The core config looks like this:

[DEFAULT]
ignoreip = 127.0.0.1/8 ::1 100.64.0.0/10
bantime  = 1h
findtime = 10m
maxretry = 1

bantime.increment = true
bantime.maxtime = 5w
bantime.multipliers = 1 24 168 672

[sshd]
enabled  = true
port     = ssh
maxretry = 3
bantime  = 1h
action   = telegram

[npm-botsearch]
enabled  = true
port     = http,https
logpath  = /proxy-host-*_access.log
backend  = auto
action   = cloudflare-token
           telegram

There are a couple of things I really like here. One is the ignoreip line, which whitelists localhost and the Tailscale CGNAT range so I don’t accidentally build a very exciting self-own machine. The other is the incremental ban setup. A one hour ban is nice. A one hour ban that turns into a day, then a week, then four weeks if the same IP keeps coming back is much nicer.

The npm-botsearch jail is the one doing the fun part. Instead of only blocking an IP on the local host, it hands the action off to Cloudflare so abusive traffic gets cut off at the edge. That doesn’t make the internet stop being the internet, but it does make the logs a lot less noisy.

sanitized fail2ban config

Once the bans were happening, I wanted better visibility into what was actually being caught. A tiny “IP banned” message is technically an alert, but it’s not a particularly useful alert. So I wired Telegram into the flow and let the scaffold script do a bit more work before sending a message along.

JAIL_NAME=$1
IP_ADDRESS=$2
SECONDS=$3

GEO_DATA=$(curl -s "http://ip-api.com/json/$IP_ADDRESS?fields=status,country,city,isp,lat,lon")

WHOIS_LINK="https://whois.domaintools.com/$IP_ADDRESS"
MESSAGE=$(printf "Fail2ban Alert\n\nJail: [%s]\nIP: %s\nDuration: %s" "$JAIL_NAME" "$IP_ADDRESS" "$TIME")

That little bit of extra context goes a long way. Seeing the jail name, the ban duration, the rough location, and the ISP immediately makes the alert feel actionable instead of decorative. I don’t need to ssh into the box and go digging every time Fail2Ban wakes up angry.

sanitized telegram alert

The most useful part of the whole exercise, though, was the tiny fix at the end. The Cloudflare ban path worked almost immediately. The unban path did not. Which is, unfortunately, a pretty classic ops experience. The automation looks great right up until the moment it needs to clean up after itself.

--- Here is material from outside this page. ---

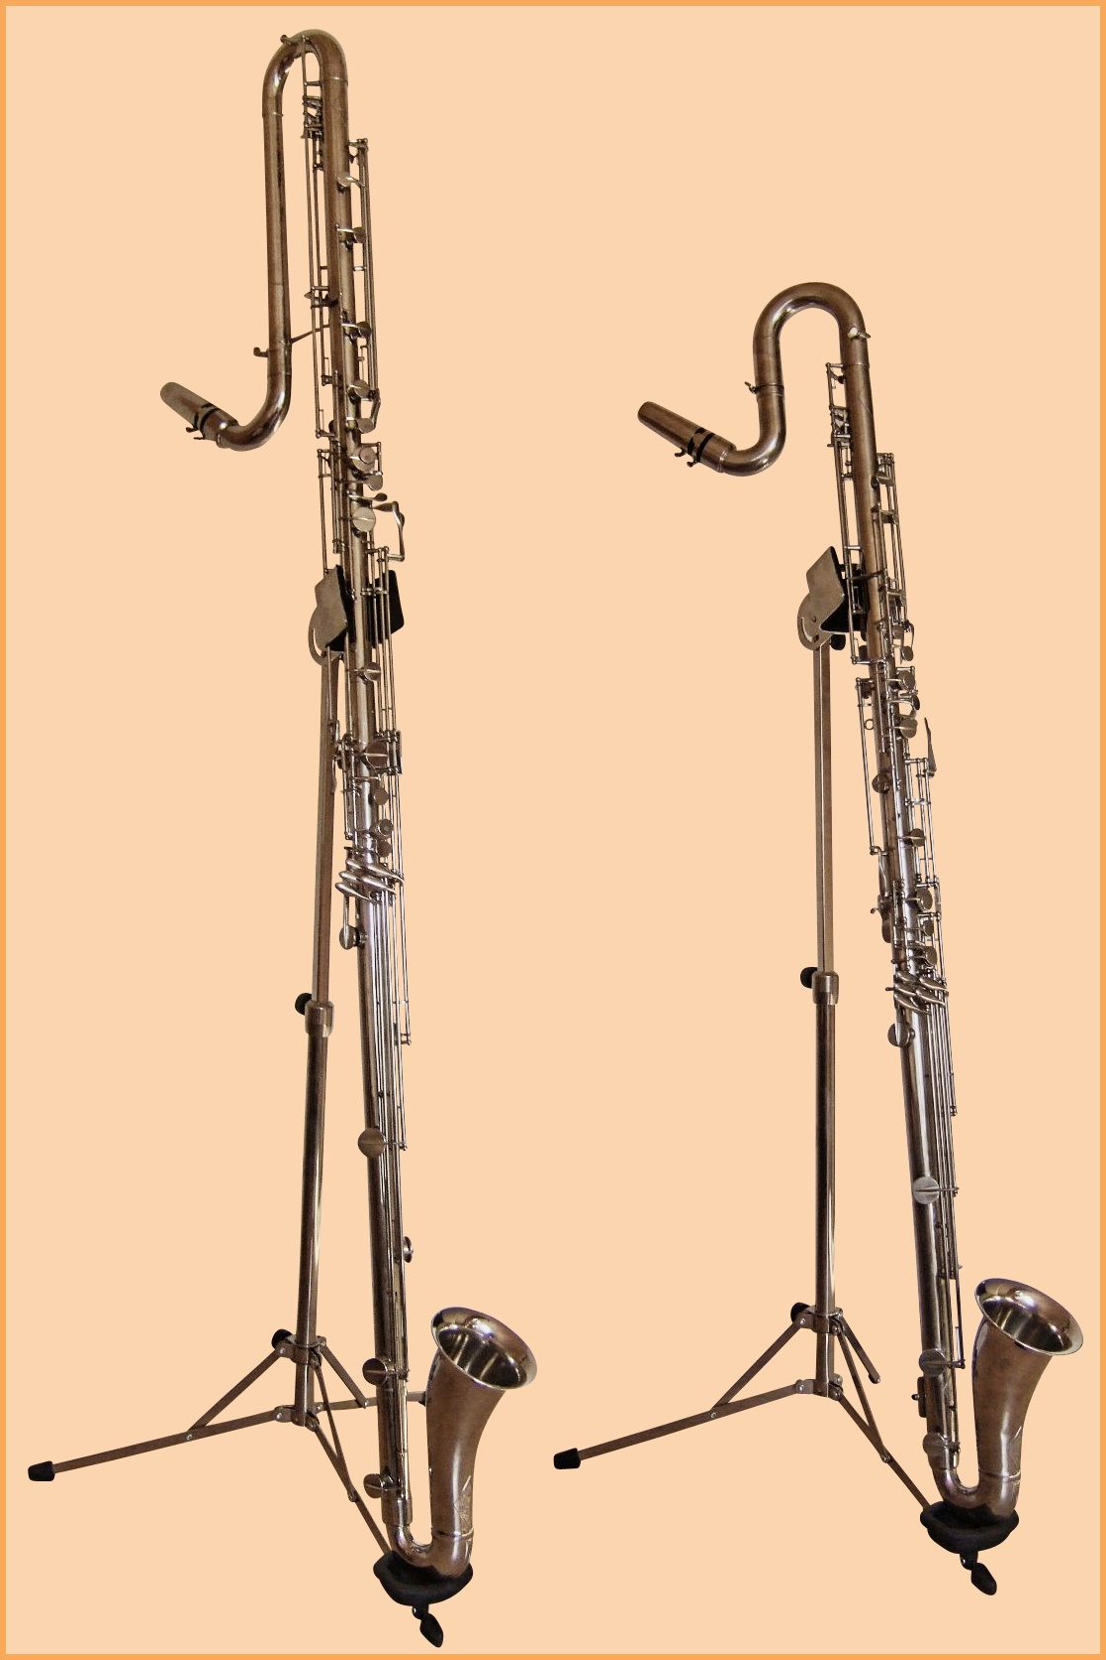 Contrabass and contra-alto clarinets

The missing piece turned out to be this:

[Init]
cfzone =
cftoken =
notes = Fail2Ban_<name>

That notes value gives the Cloudflare action a stable way to identify the records it created, which means it can actually reverse them later. Without it, I had a setup that could punish traffic but not reliably unwind its own work. With it, the whole thing became something I could leave running without wondering if I was building up a future mess for myself.

I think that’s my favorite kind of infrastructure lesson: the one where the difference between “cool demo” and “usable system” is a single boring line of config.

fin

Ok friends, I’m happy to say this is exactly the kind of thing I want to be writing here again: small, practical, public-safe writeups from real work. I’m still collecting these kinds of experiments in the learning-path repo, and now that the blog is dusted off, some of them will keep making their way over here too. As always, and til next time, have a great day.